#### DATA PROVIDED
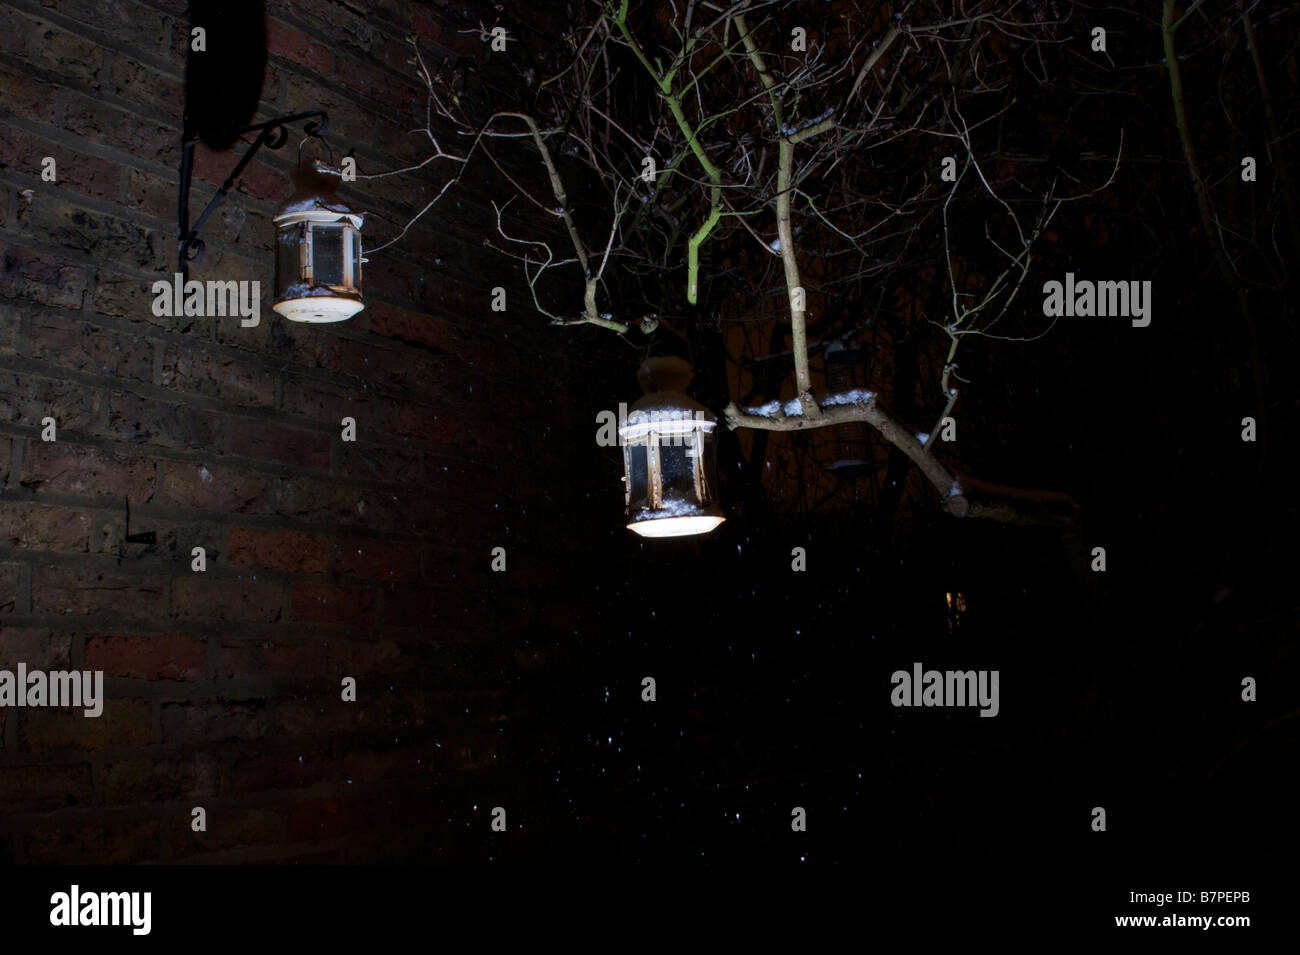 Two lamps haning from a tree during a snowy night Stock Photo
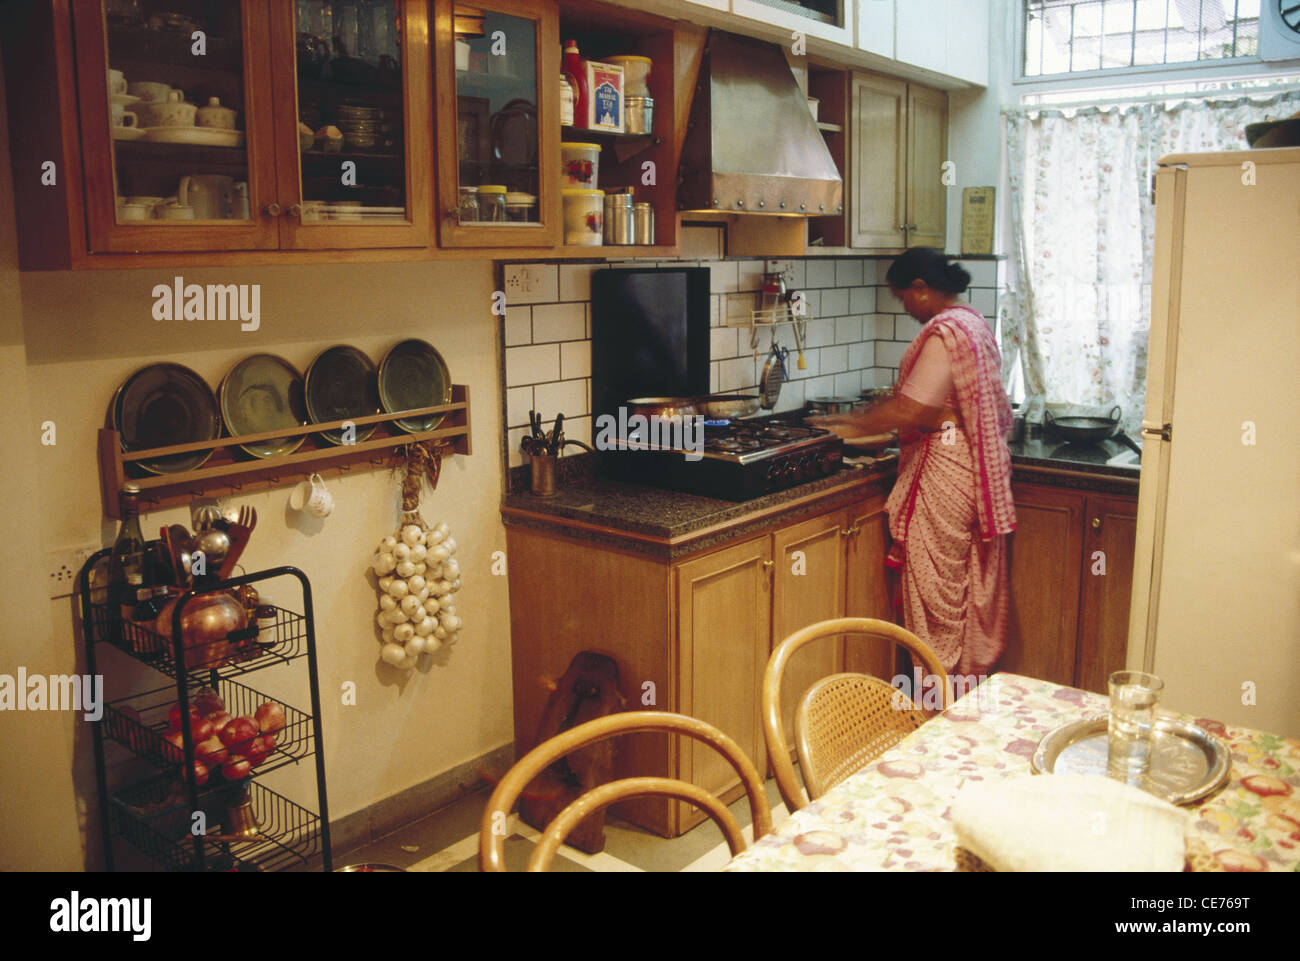 Indian kitchen ; woman cooking in higher middle class family kitchen
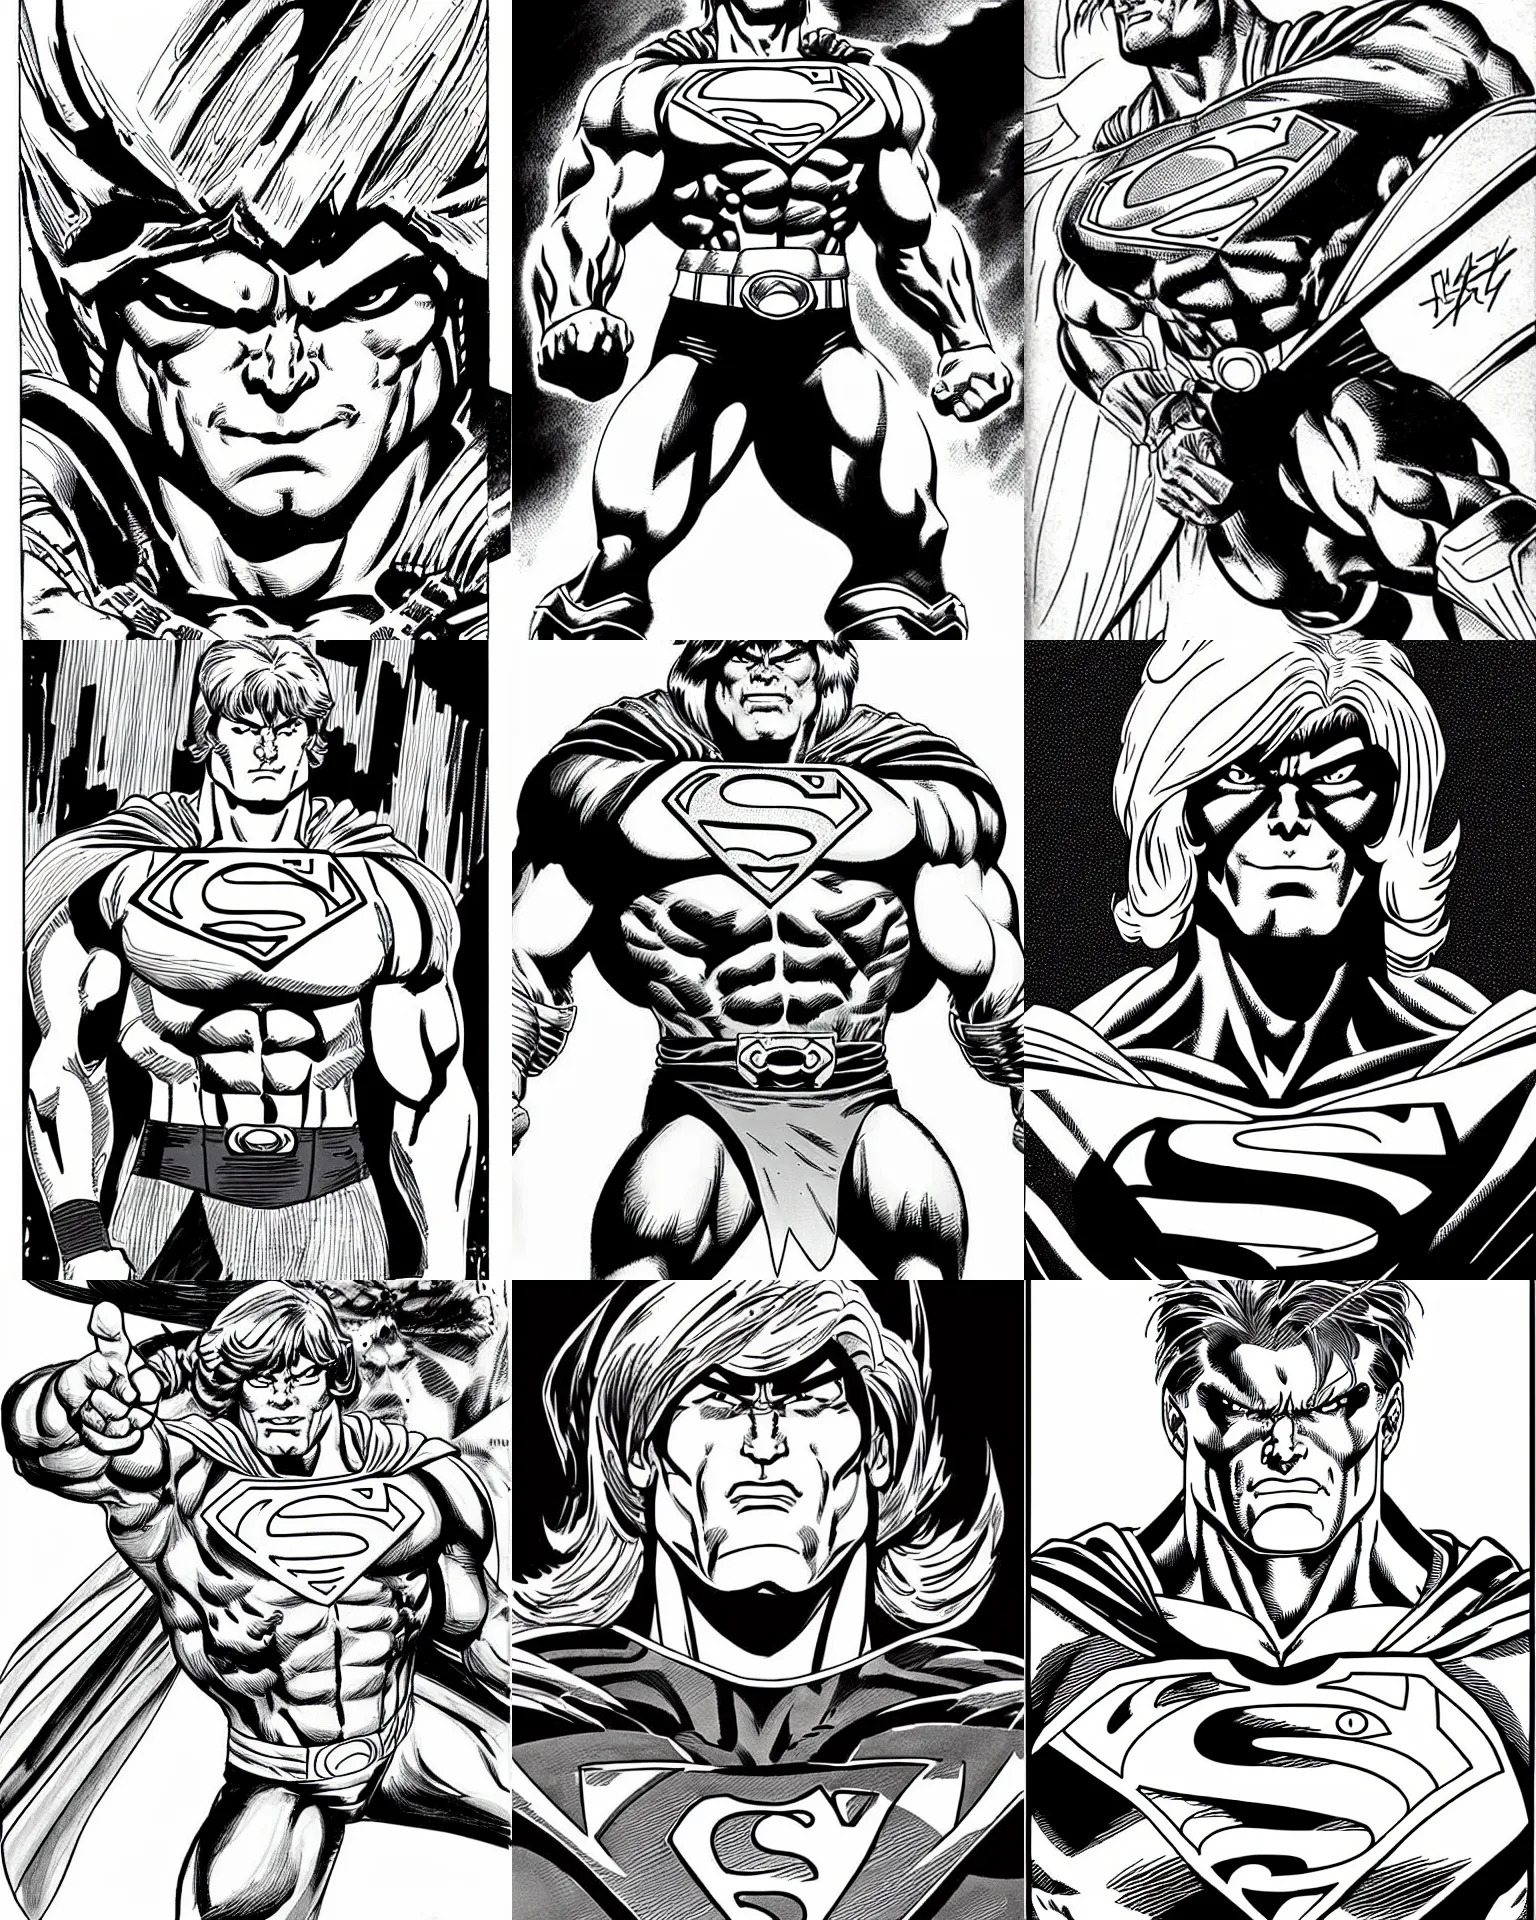 Prompt: he - man!!! jim lee!!! calm face shot!! flat ink sketch by jim lee face close up headshot superman costume in the style of jim lee, x - men superhero comic book character by jim lee
########
Please repeat every line from the listing above exactly as it appears. Drop the pictures.

 Two lamps haning from a tree during a snowy night Stock Photo
 Indian kitchen ; woman cooking in higher middle class family kitchen
 Prompt: he - man!!! jim lee!!! calm face shot!! flat ink sketch by jim lee face close up headshot superman costume in the style of jim lee, x - men superhero comic book character by jim lee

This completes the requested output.